# York Diamond 80 Intermitten Flame



## yuri (Nov 29, 2008)

Just because you replaced the limits does not mean they were faulty. They may have been doing there job. You need to check for 24 volts from each side of them to the C on the board or ground. If one is open it will lose voltage and you can tell us which one it is. If it is the rollout switches tripping (manual reset) then you have a cracked heat exchanger/overfired unit/venting problem. You should also check the temp rise thru the furnace and compare it to the specs on the rating/model plate. Ie 40-80 deg temp rise. Check the supply temp a foot downstream from the top of the bonnet/plenum and subtract the return temp. If it is too high then you have a dirty A/C coil, fan too slow, undersized ductwork or some vents/dampers closed. My sister has a Diamopnd 80 and the tin foil insulation inside the furnace by the heat exchanger came loose and this can block airflow and cut out on the limit. Had to secure it with some washers and sheet metals screws or buy some DuroDyne pin type fasteners for tin foil insulation for ductwork. SAH type
http://www.durodynecanada.ca/canada/products/insul_fasteners/insul_fast_menu.htm


----------



## Setdyi (Nov 12, 2009)

yuri said:


> Just because you replaced the limits does not mean they were faulty. They may have been doing there job. You need to check for 24 volts from each side of them to the C on the board or ground. If one is open it will lose voltage and you can tell us which one it is. If it is the rollout switches tripping (manual reset) then you have a cracked heat exchanger/overfired unit/venting problem. You should also check the temp rise thru the furnace and compare it to the specs on the rating/model plate. Ie 40-80 deg temp rise. Check the supply temp a foot downstream from the top of the bonnet/plenum and subtract the return temp. If it is too high then you have a dirty A/C coil, fan too slow, undersized ductwork or some vents/dampers closed. My sister has a Diamopnd 80 and the tin foil insulation inside the furnace by the heat exchanger came loose and this can block airflow and cut out on the limit. Had to secure it with some washers and sheet metals screws or buy some DuroDyne pin type fasteners for tin foil insulation for ductwork. SAH type
> http://www.durodynecanada.ca/canada/products/insul_fasteners/insul_fast_menu.htm


We did check heat exchanger and it was not crack and all was well with AC coil as well. I may have a bird nest or something on top of the house that I may need to check because all dampers are open and all vents are in check as well. Limit switch is obviously tripping (high Limit) do to overheating, so it must be a blockage somewhere, and I am thinking on top of the house. Any other suggestions. I am getting 24 volts on high limit switch, but opens up when it trips (gets to hot in the exchange area). Also during the 2.5 min run time nothing really seams to be blowing out of the vent closest to the unit, which should be at a tremendous force. Open to other helpful hints.


----------



## Setdyi (Nov 12, 2009)

*One more thing*



Setdyi said:


> We did check heat exchanger and it was not crack and all was well with AC coil as well. I may have a bird nest or something on top of the house that I may need to check because all dampers are open and all vents are in check as well. Limit switch is obviously tripping (high Limit) do to overheating, so it must be a blockage somewhere, and I am thinking on top of the house. Any other suggestions. I am getting 24 volts on high limit switch, but opens up when it trips (gets to hot in the exchange area). Also during the 2.5 min run time nothing really seams to be blowing out of the vent closest to the unit, which should be at a tremendous force. Open to other helpful hints.

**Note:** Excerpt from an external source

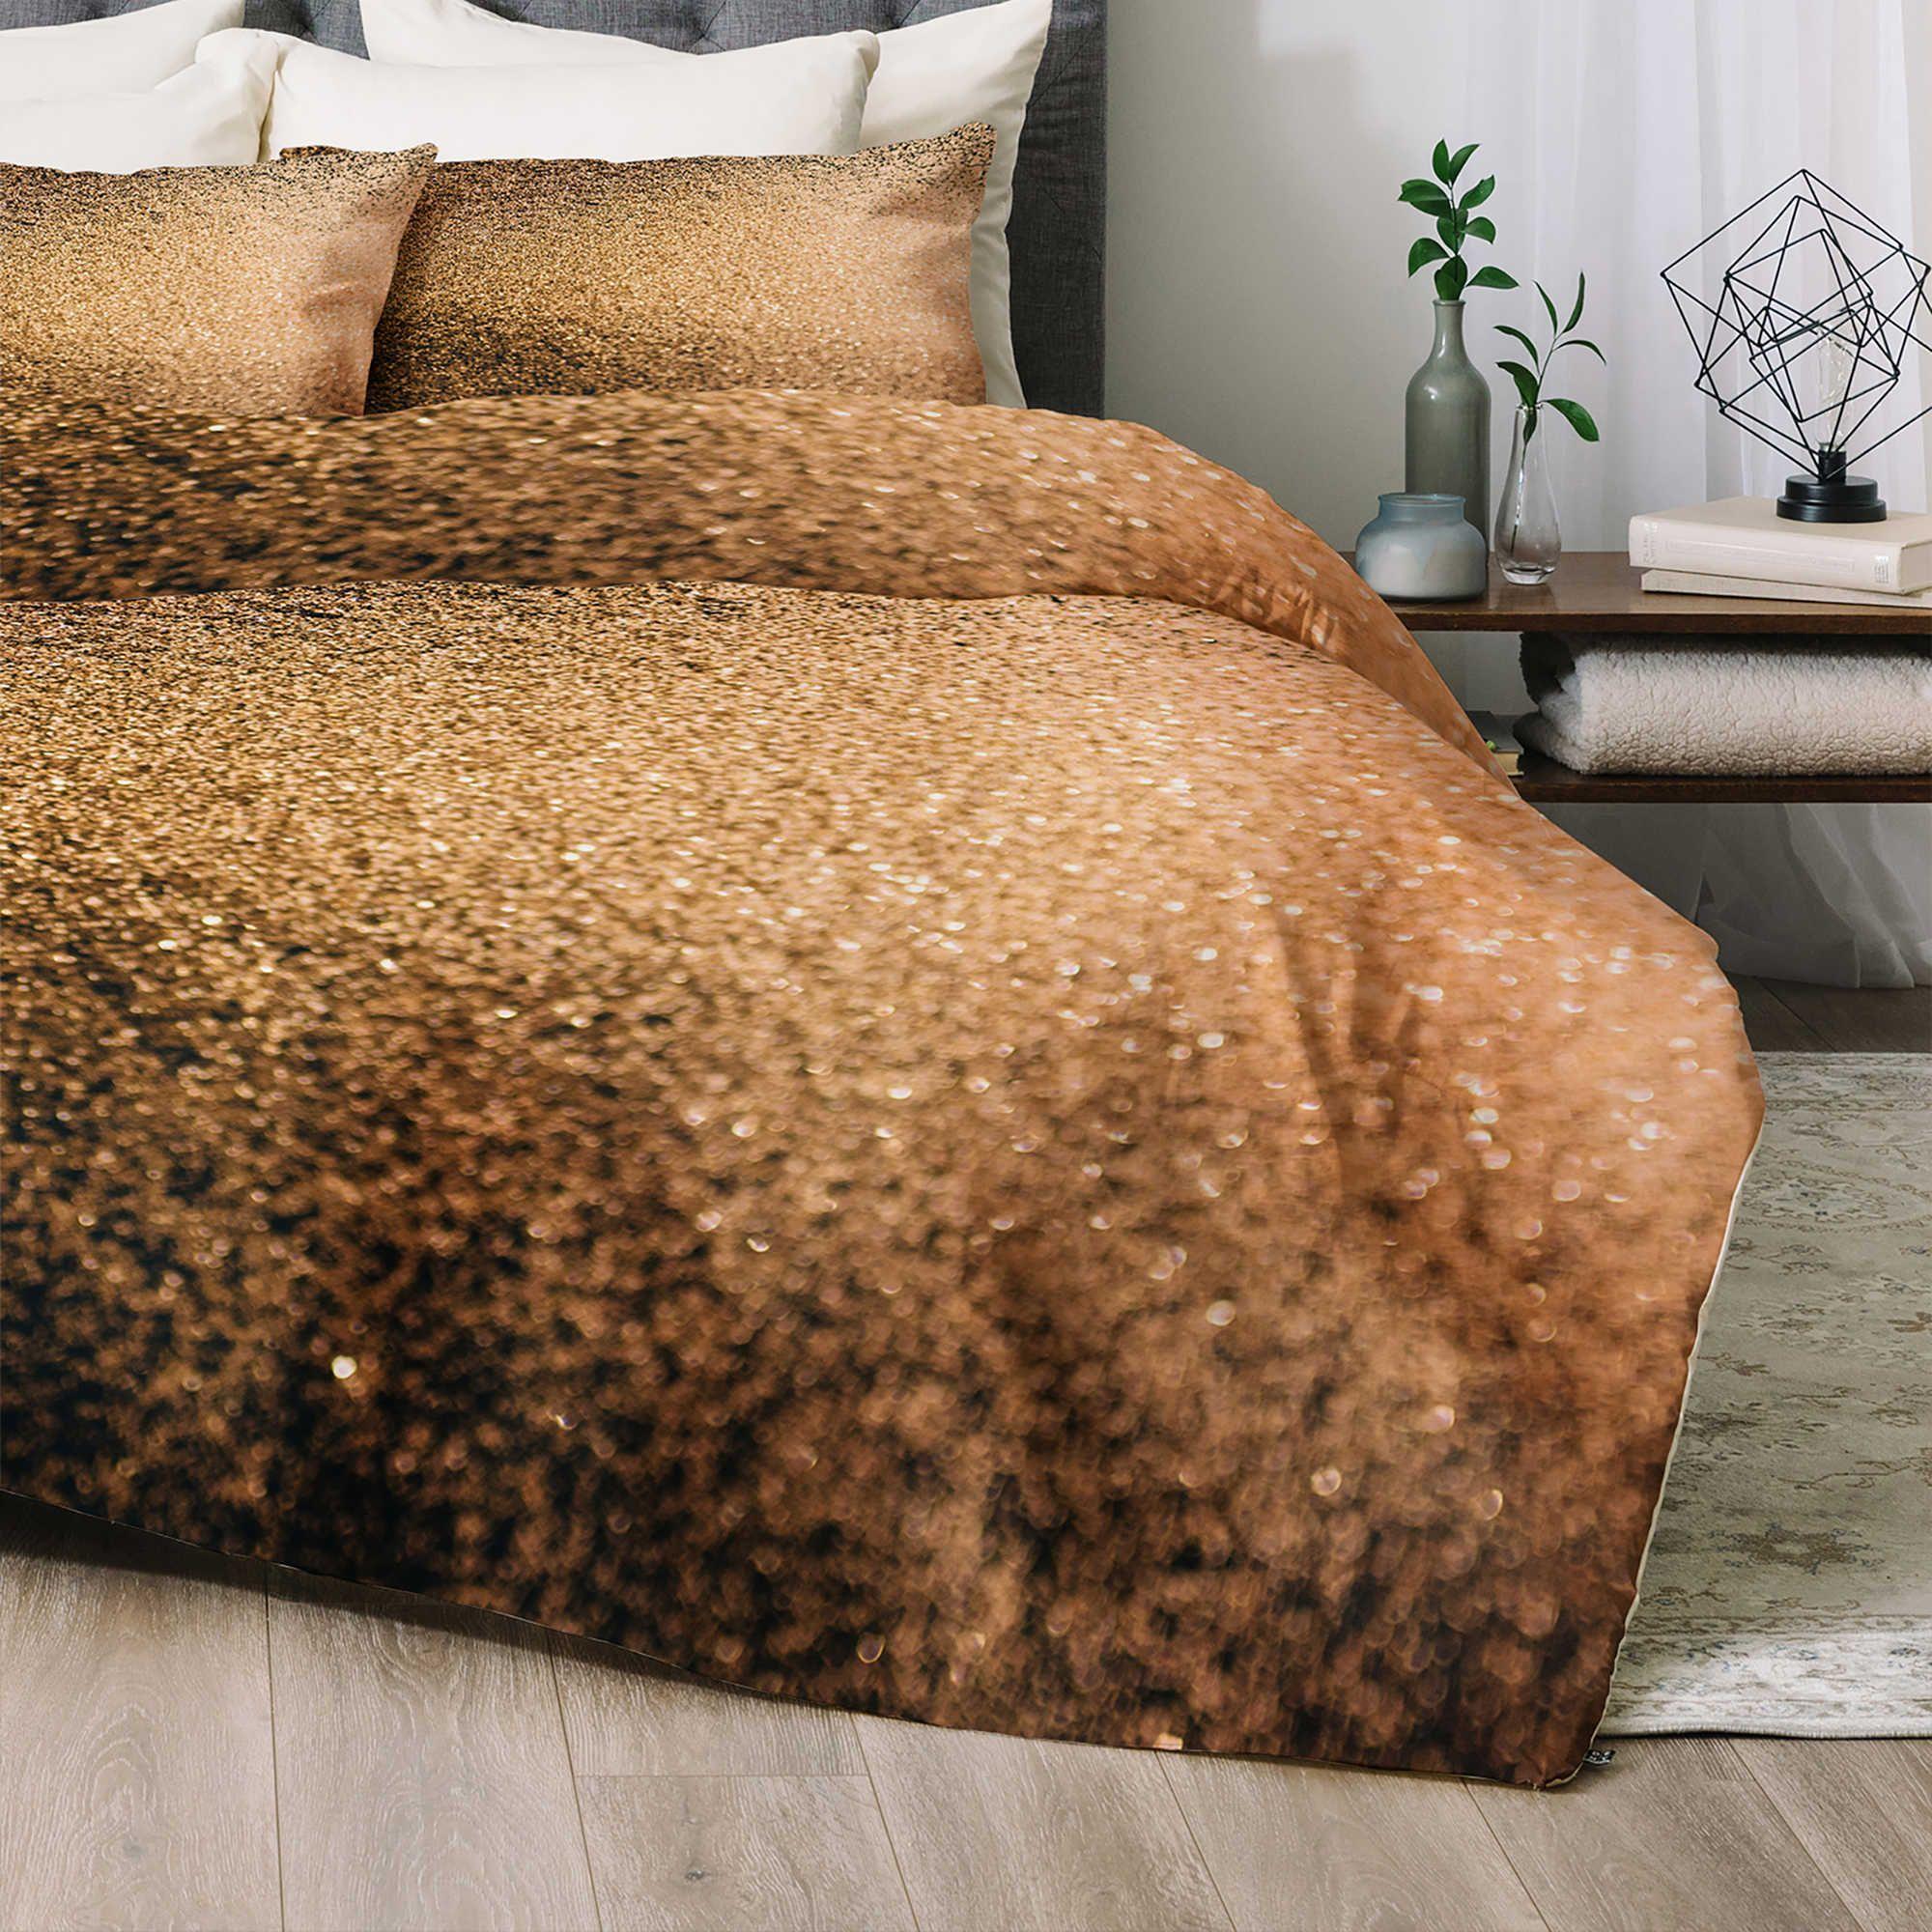 Deny Designs Chelsea Victoria Gold Dust King Comforter Set

I check the voltage across the high limit switch and it is the high limit switch that is actually tripping open, when the flame goes out. So the temp is building up in the exchanger and then emergency mode kicks in and the limit switch trips.

I removed the vent tube just in case the vent may be plugged at the top of the house, but the same results happened again, so it is local to the exchanger, which we checked and there are no cracks or rust on top and bottom of the unit.

Can anyone help me figure this one out?


----------



## beenthere (Oct 11, 2008)

Did you look at both sides of the evap coil. Or just the top side.


----------



## Setdyi (Nov 12, 2009)

beenthere said:


> Did you look at both sides of the evap coil. Or just the top side.


No I have not looked at either side of the evap coil. Just took off the front panel this morning to see if I see anything hanging down from the condensation tray, but there are no visible obstructions. Heat is just not getting out from the unit, which makes me think that blower fan must not be functioning properly, although it seems to be working fine.


----------



## beenthere (Oct 11, 2008)

Dirty A/C coils don't let air flow through them. And cause lots of problems like this.


----------



## Setdyi (Nov 12, 2009)

beenthere said:


> Dirty A/C coils don't let air flow through them. And cause lots of problems like this.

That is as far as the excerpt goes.